Plate tectonic accelerations hidden in the noise

Abstract

Iterative filtering of the quaternion history for the Euler poles that define absolute plate motion history for the past 68 million years has revealed an unprecedented precision for plate angular rotation variations with time at 2-million year intervals. These consistent velocity variations yield, in turn, consistent estimates of plate accelerations, and therefore. indicate that conservation of plate angular momentums’ must be globally conserved. Accordingly, if a plate decelerates, other plates must increase their angular momentums to compensate. Plate accelerations support the contention that Plate Tectonics is a product of forces that most likely are sustained by the sinking of positive density anomalies due to phase changes in subducted gabbroic lithosphere at depth in the upper lower mantle.
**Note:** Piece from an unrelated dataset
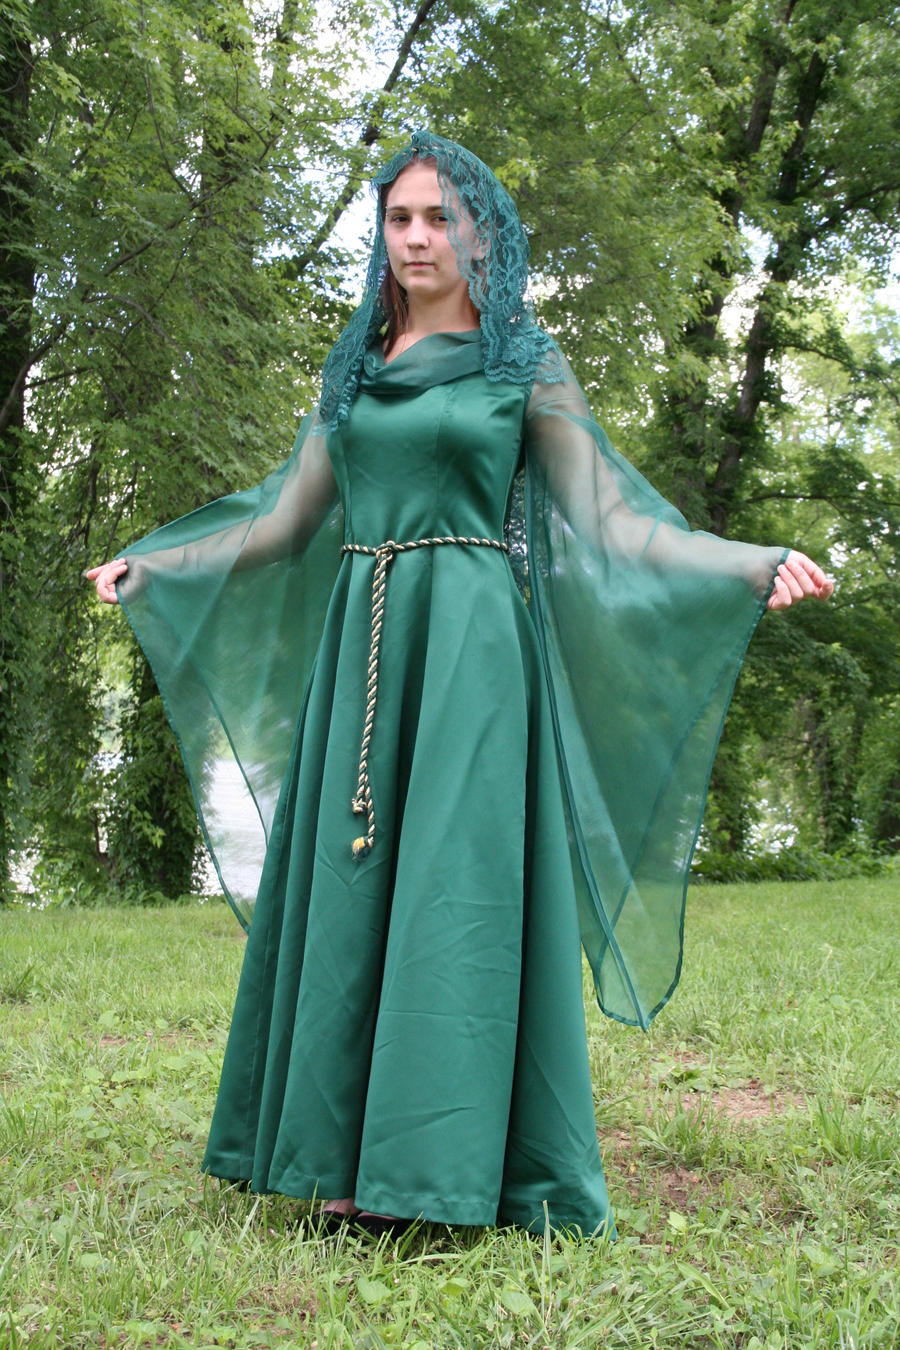 An introduction to the clothing of the middle ages

The tectonic plates are pulled along by the sinking positive mass anomalies, rather that moving at near constant velocity on the crests of convection cells driven by rising heat. In this interpretation, spreading centers become passive reactive features, and fracture zones (and wedge-shaped sites of seafloor spreading) are adjustment zones that relieve strains in the lithosphere. This report summarizes processing results for 12 of the 14 major tectonic plates of the Earth (except for the Juan de Fuca and Philippine Plates) and presents estimates of the changes in magnitude and location of the Earth’s axis of total plate tectonic angular momentum for the past 62 million years.